- Activity -
Pictures are not part of the answer. Write out exactly the lines from the one containing "Philips DP-C262 manual" through the end of the material below.

[Information provided]

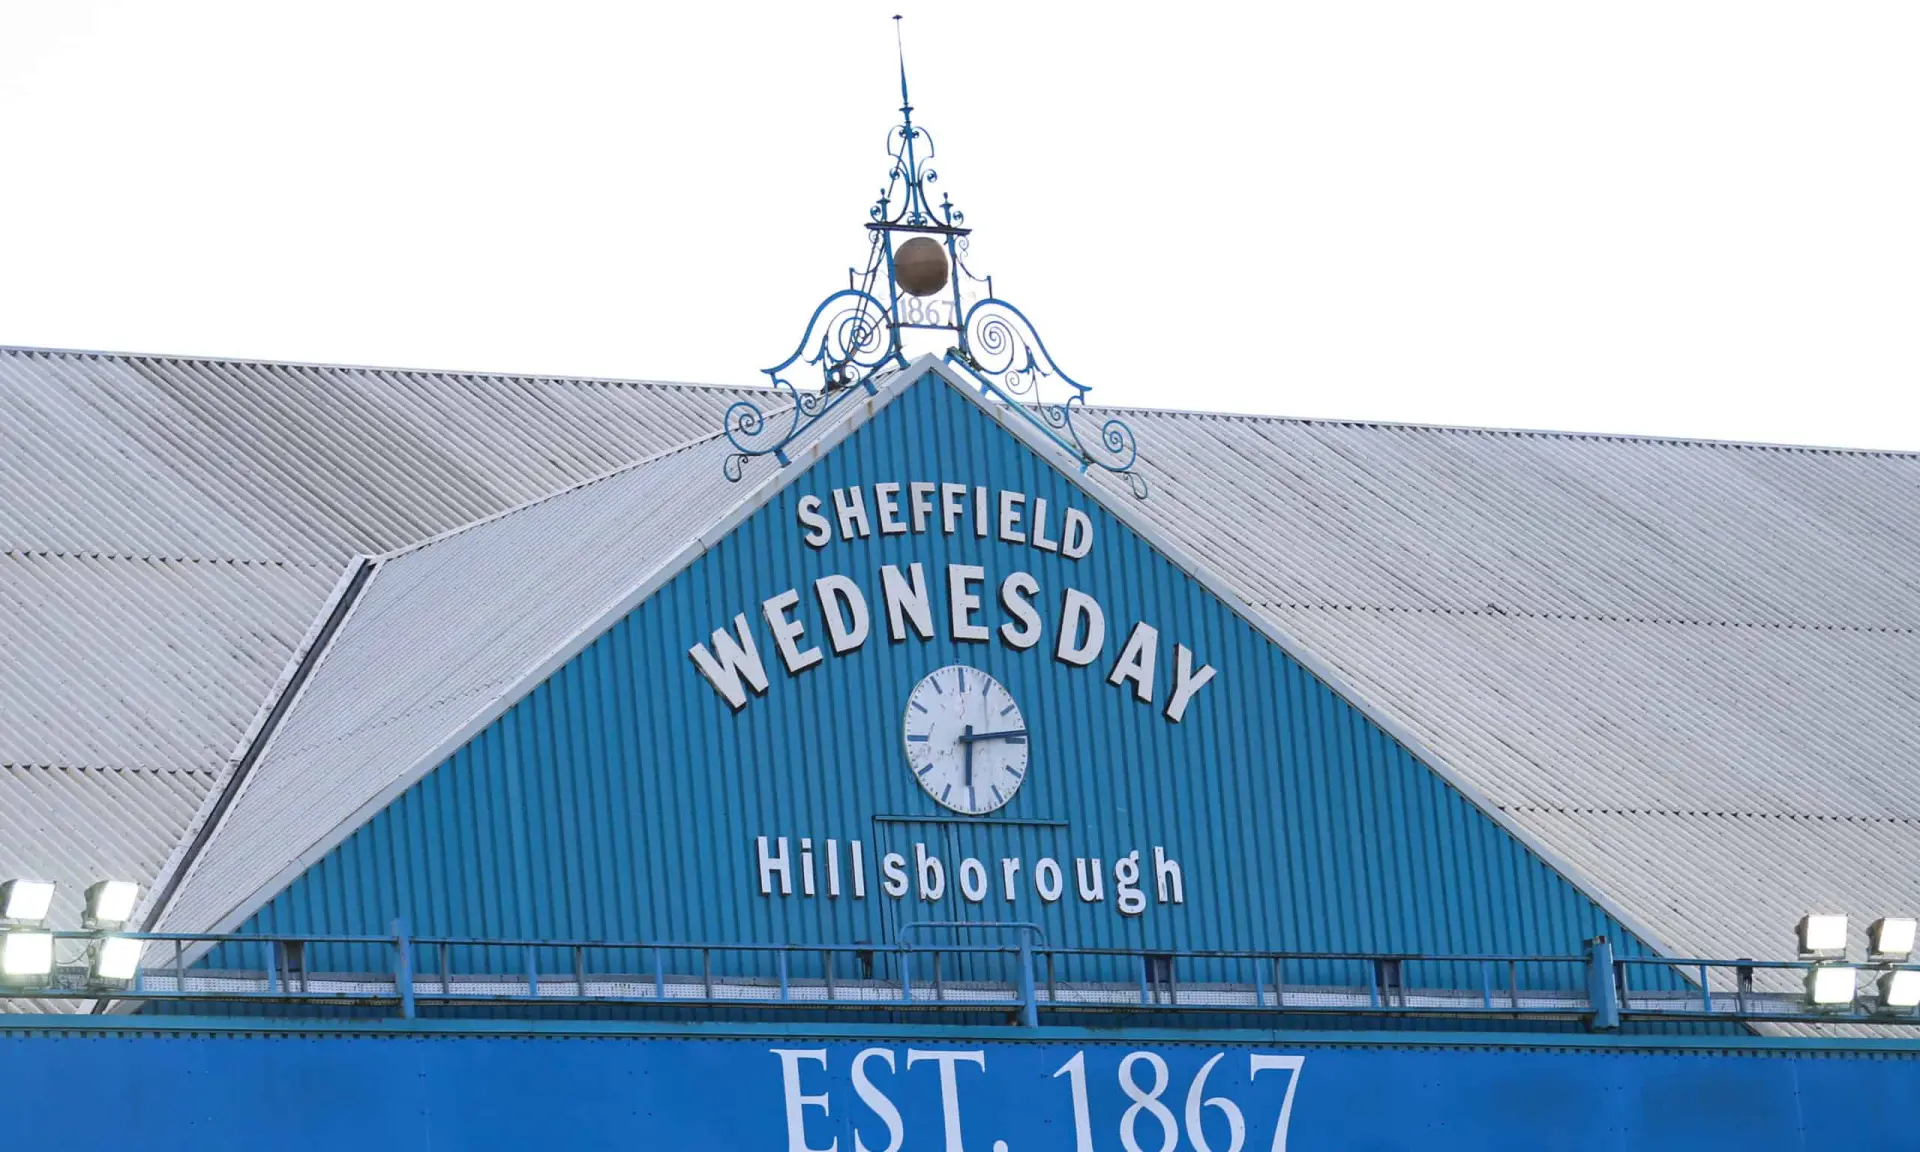 Hillsborough, Sheff Wed v Huddersfield betting tips
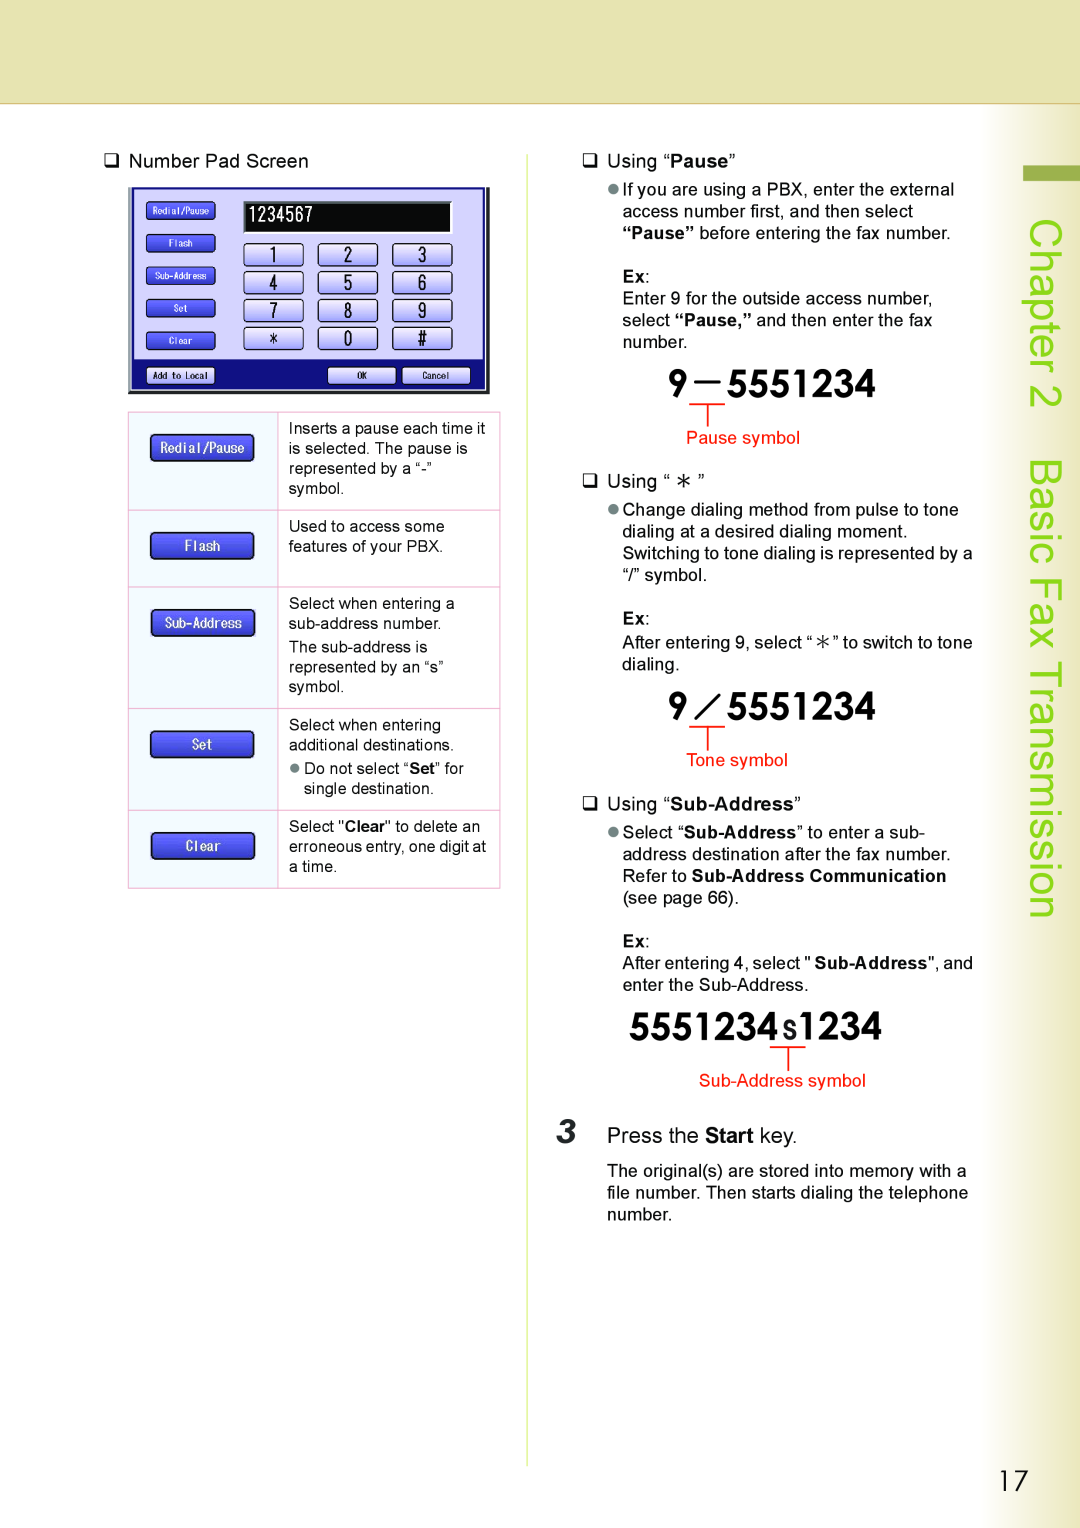 Philips DP-C262 manual Basic, Press the Start key, Refer to Sub-Address Communication 
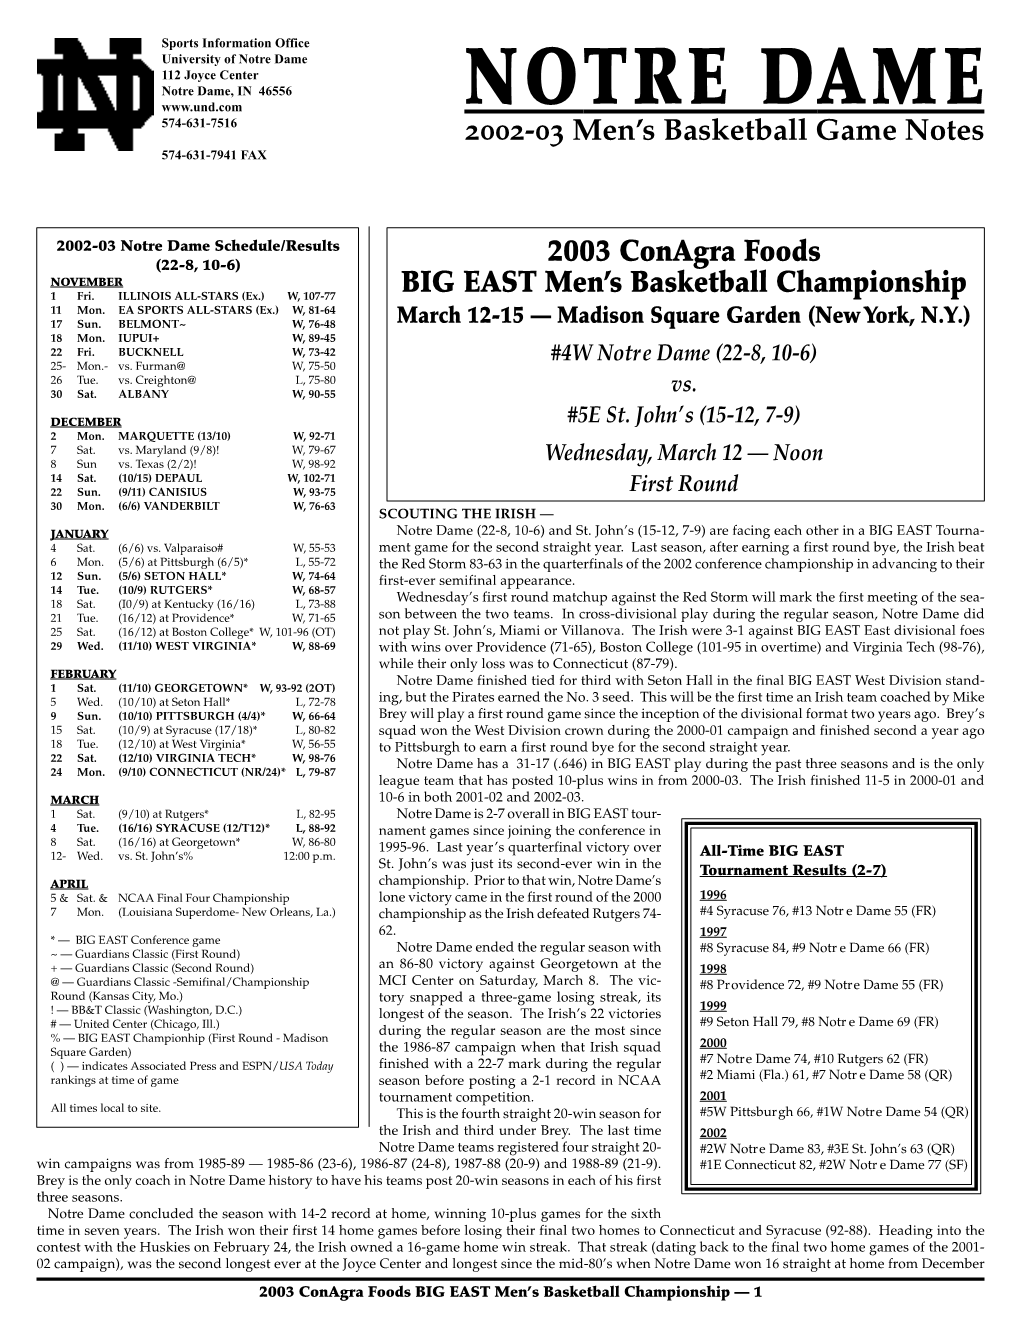 2003 Conagra Foods BIG EAST Men's Basketball Championship

[/Information provided]

- Task result -
 Philips DP-C262 manual Basic, Press the Start key, Refer to Sub-Address Communication 
 2003 Conagra Foods BIG EAST Men's Basketball Championship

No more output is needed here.